I found out you can tweak the resolution on your device. I'm sure some of you are familiar with DPI changes, but this actually makes your phone work on 1080p or lower resolution than QHD , Open terminal and write the following! don't forget you need ROOT access!

"su"
"wm size 1080x1920"
"wm density 480"
"stop && start" (for restart)
I used a DPI of 480 because that's the 1080p equivalent of my phone's stock 640 on 1440p.
If you want to know your original resolution type those following to know the value ,

"wm size"
"wm density"
and it will tell you what they are and the current override.  just do it again to re-change your value to default.

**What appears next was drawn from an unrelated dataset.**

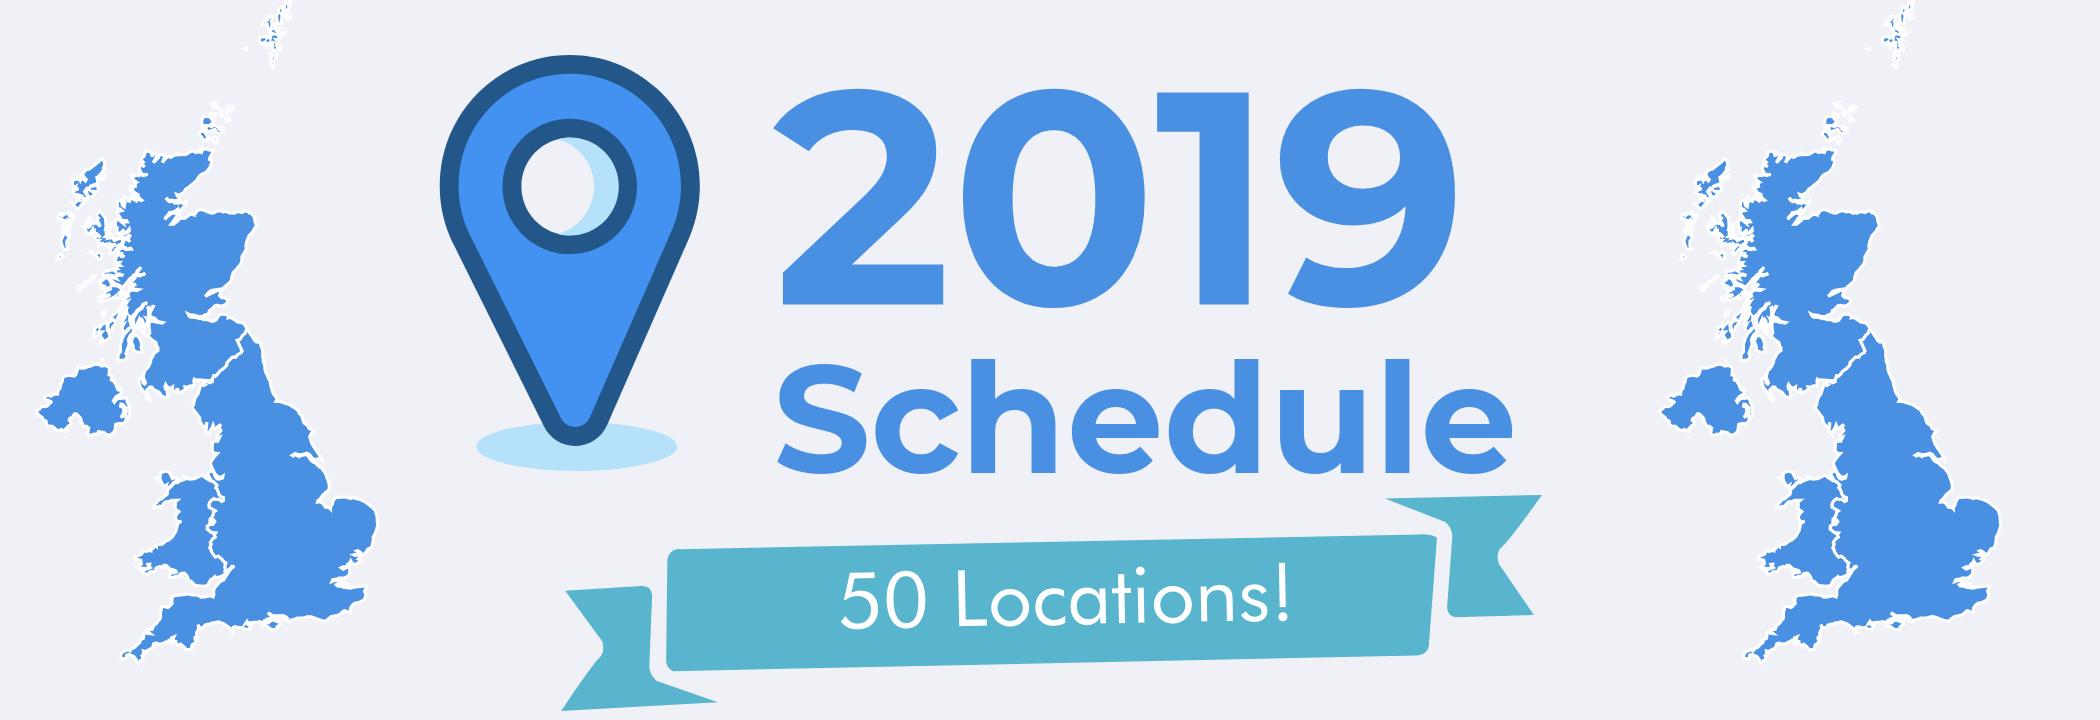 2019 schedule.png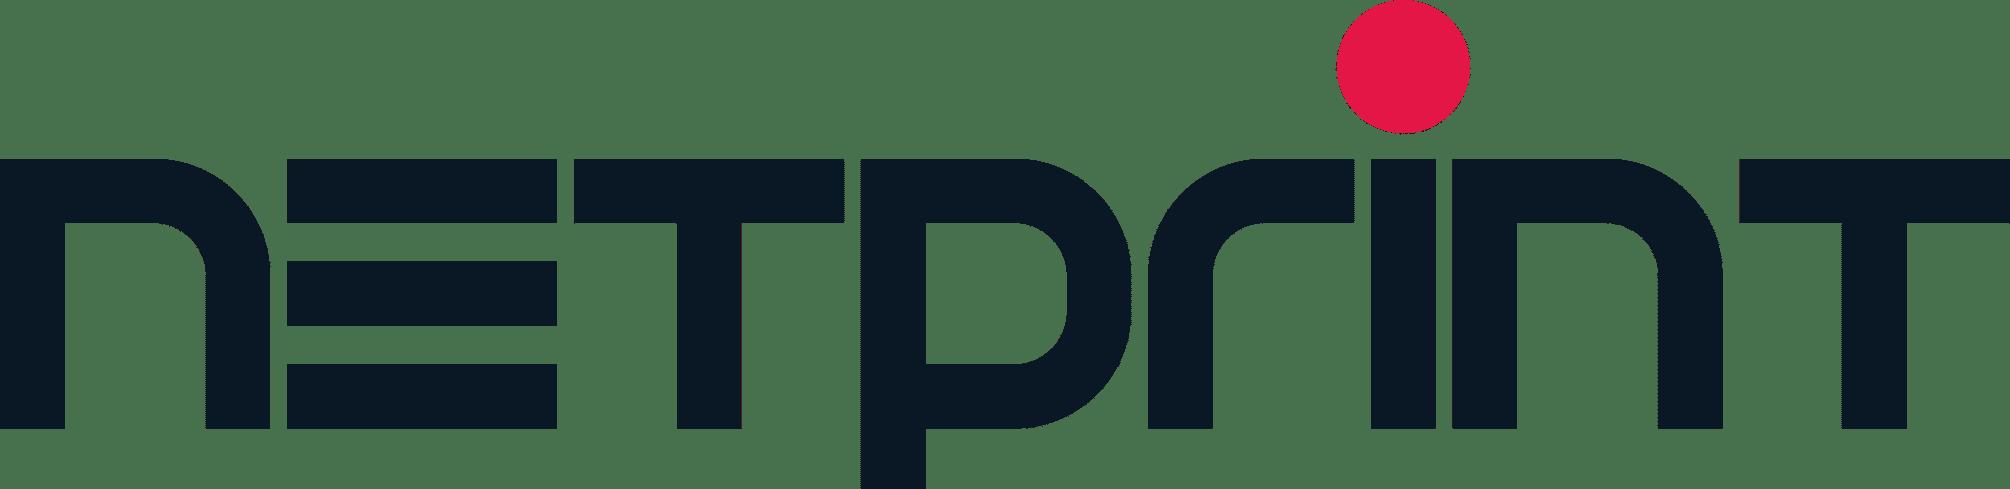 Netprint logo PNG

Enjoy a faster phone and less battery consumption!


----------



## mgrev (Oct 14, 2016)

This is also doable via adb, but i can't remember the commands right now. (google them or something)


----------



## Tom Bombadildo (Oct 14, 2016)

While performance-wise you might see some improvements, the effect on battery life is so minuscule that it's not even worth mentioning as a "benefit" from doing this. This is because the screen is one of the major drains on the battery, and while lowering the resolution will improve performance (because the hardware doesn't have to work as hard), the screen is still displaying the same amount of information regardless of the resolution (as you can't change the physical number of pixels a screen uses to display an image ). The only battery life improvement you see is because it's less taxing on the GPU, but the difference is so small you might see like...an extra 10 minutes of battery life total depending on your usage.

But, as you said, you will see some nice performance improvements for the most part. I did this on one of my first Android tablets, it was some Chinese thing way back with a 720p screen but it had potato specs so it lagged something terrible. Lowered it down to 480p and it wasn't too bad then.


----------